I would expect the first couple of runs with this new method to not be balanced since the file paths look new, but I don't understand why it never balanced itself over the hundreds of builds over the next 2 weeks unless there is a bug in Knapsack Pro that does not handle being sent absolute file names.

Good point. Maybe the absolute paths were not sent to API. I suspect the Queue API returned absolute paths without execution time attribute for the problematic CI builds.

Is there a separate process for "recording" or does that automatically happen as a given test file is executed?

"recording" is a mental shortcut for tests' execution time being saved to API. This happens after all tests are executed on the CI node.

All ever-recorded tests can be seen in the Statistics of test files history tab in the user dashboard. But I don't see absolute paths there or for CI builds you shared over the email for problematic CI builds.


I managed to reproduce the bug. @knapsack-pro/jest always sends relative paths to API after tests are executed (https://github.com/KnapsackPro/knapsack-pro-jest/blob/a4328d2b56582dca7722b8649c1a44a0bf80728f/src/knapsack-pro-jest.ts#L69,L72. This was done on purpose because when relative paths are provided to Jest it returns absolute paths).

When you started a new CI build you provided absolute test file paths to initialize a new Queue on the API side. API does not know the absolute paths' execution time, which caused unbalanced tests.

We would have to convert absolute paths to relative paths as done here but on @knapsack-pro/core level where is KNAPSACK_PRO_TEST_FILE_LIST_SOURCE_FILE or explicitly say in docs that you need to provide relative paths to KNAPSACK_PRO_TEST_FILE_LIST_SOURCE_FILE.

ArturT commented 1 year ago

We do not allow saving absolute test file paths to API because this could lead to problems when tests are executed on different machines.

For example, you could have a path like /home/user123/project/__tests__/a.test.js but some CI providers may generate a unique user ID for a CI node so you would end up with a different path for each CI build.

Also, if you would like to reproduce something locally and run tests on your local machine, than the absolute test file path will be different than on CI.

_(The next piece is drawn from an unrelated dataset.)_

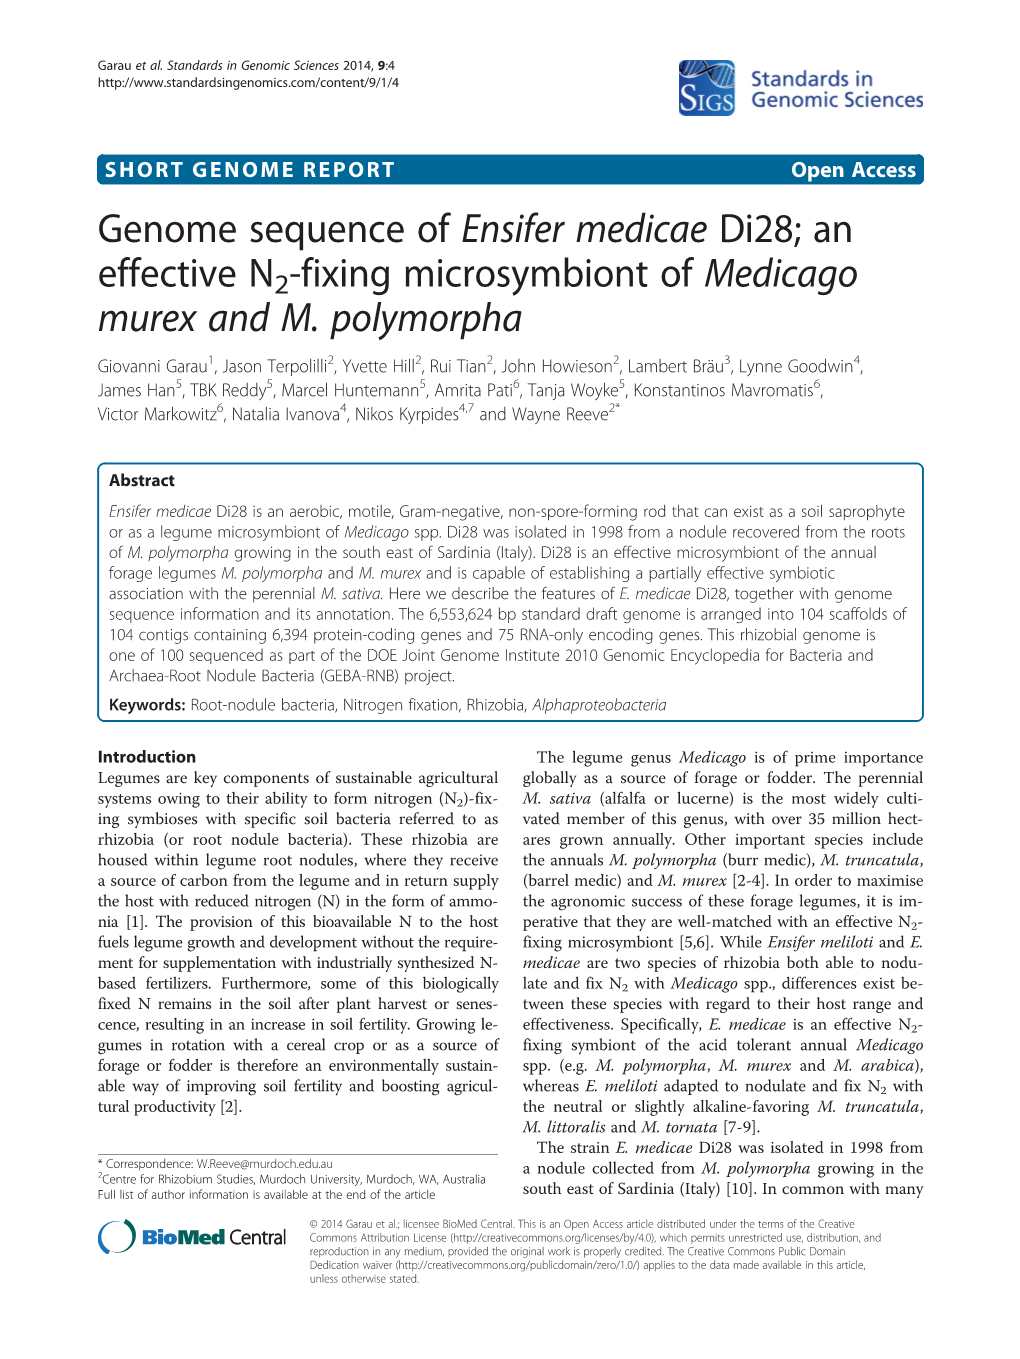 Genome Sequence of Ensifer Medicae Di28; an Effective N2-Fixing Microsymbiont of Medicago Murex and M
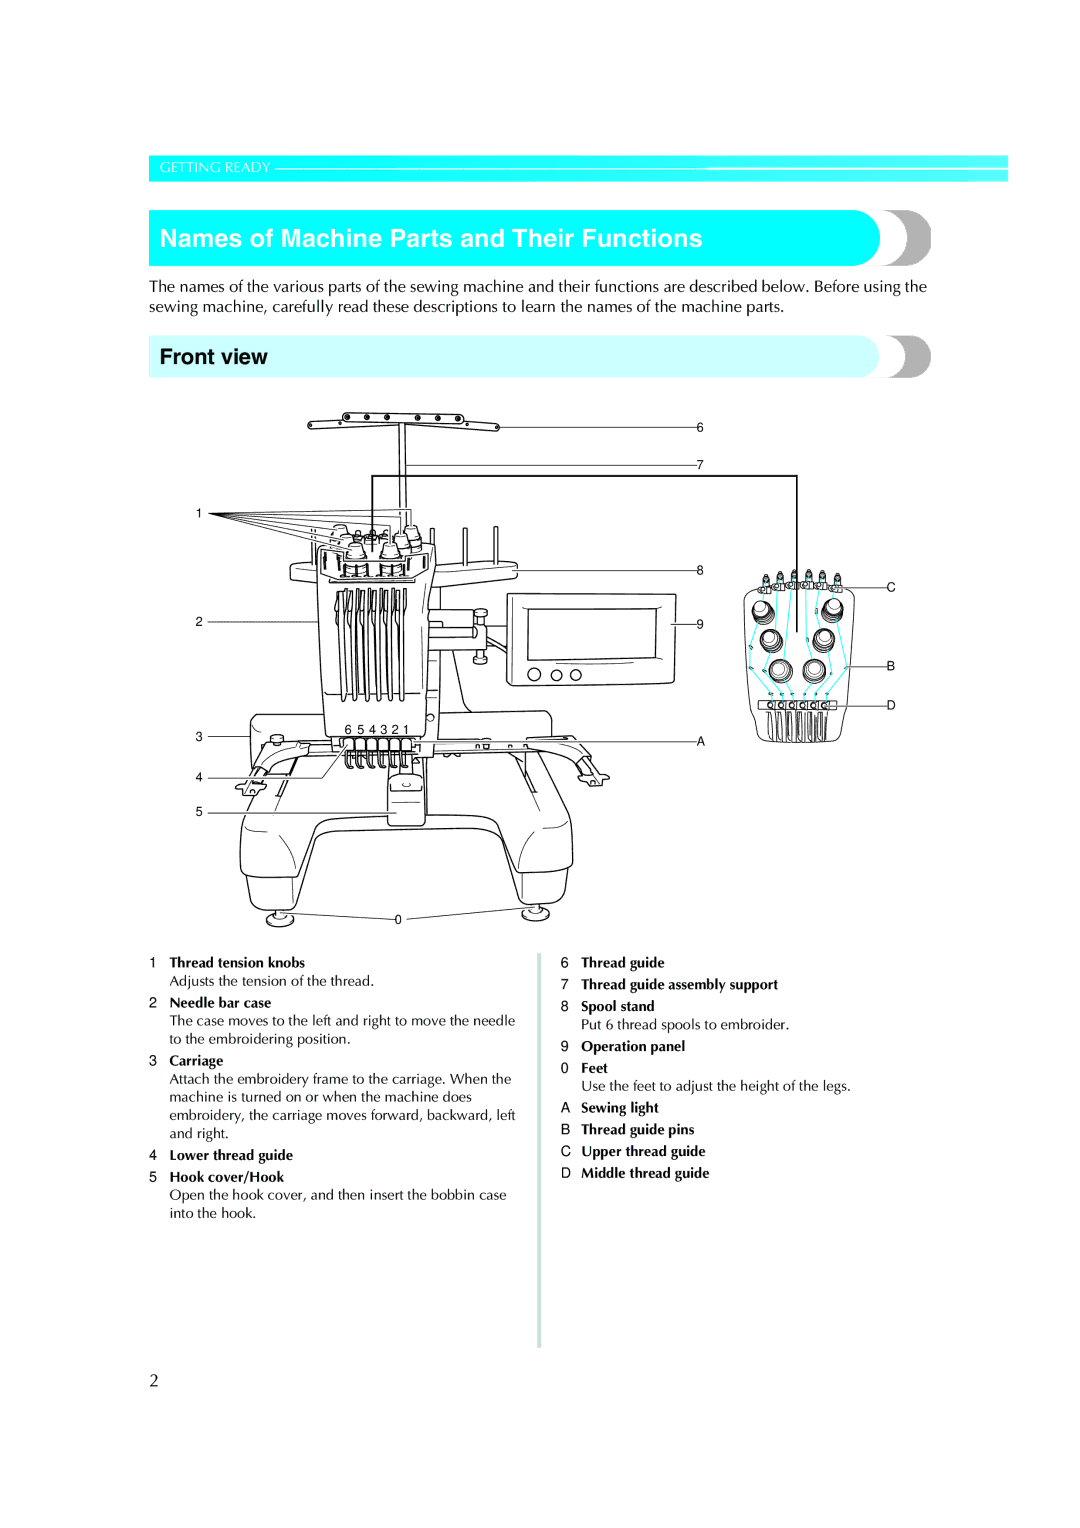 Brother PR-620 operation manual Names of Machine Parts and Their Functions, Front view

That is why it's safe always to use relative paths to your project directory.

pbomb commented 1 year ago

Thanks for the explanation @ArturT. We're now transforming the file paths from jest --listTests from absolute to relative paths and everything looks good!

ArturT commented 1 year ago

Great.

I added this issue to our backlog.


EDITED:

Docs have been updated for KNAPSACK_PRO_TEST_FILE_LIST_SOURCE_FILE https://docs.knapsackpro.com/jest/reference/#knapsack_pro_test_file_list_source_file

ArturT commented 1 year ago

story

https://trello.com/c/TqkNjpa6

Here is an idea on what we could do to make @knapsack-pro/core more bulletproof.

We already say in docs that you should use only relative paths for test files defined with KNAPSACK_PRO_TEST_FILE_LIST_SOURCE_FILE https://docs.knapsackpro.com/jest/reference/#knapsack_pro_test_file_list_source_file

If someone provides absolute paths in the file defined with KNAPSACK_PRO_TEST_FILE_LIST_SOURCE_FILE then we could remove the project path prefix from the test file paths before they are sent to Knapsack Pro API.

The project path can be determined with

const projectPath = process.cwd();

https://github.com/KnapsackPro/knapsack-pro-jest/blob/a4328d2b56582dca7722b8649c1a44a0bf80728f/src/knapsack-pro-jest.ts#LL31C29-L31C29

We already do removing of project path prefix from test files executed by Jest in @knapsack-pro/jest https://github.com/KnapsackPro/knapsack-pro-jest/blob/a4328d2b56582dca7722b8649c1a44a0bf80728f/src/knapsack-pro-jest.ts#L70 but we need it on @knapsack-pro/core level where the KNAPSACK_PRO_TEST_FILE_LIST_SOURCE_FILE feature is. @knapsack-pro/core is responsible for initializing a queue on the API side with test file paths defined with KNAPSACK_PRO_TEST_FILE_LIST_SOURCE_FILE.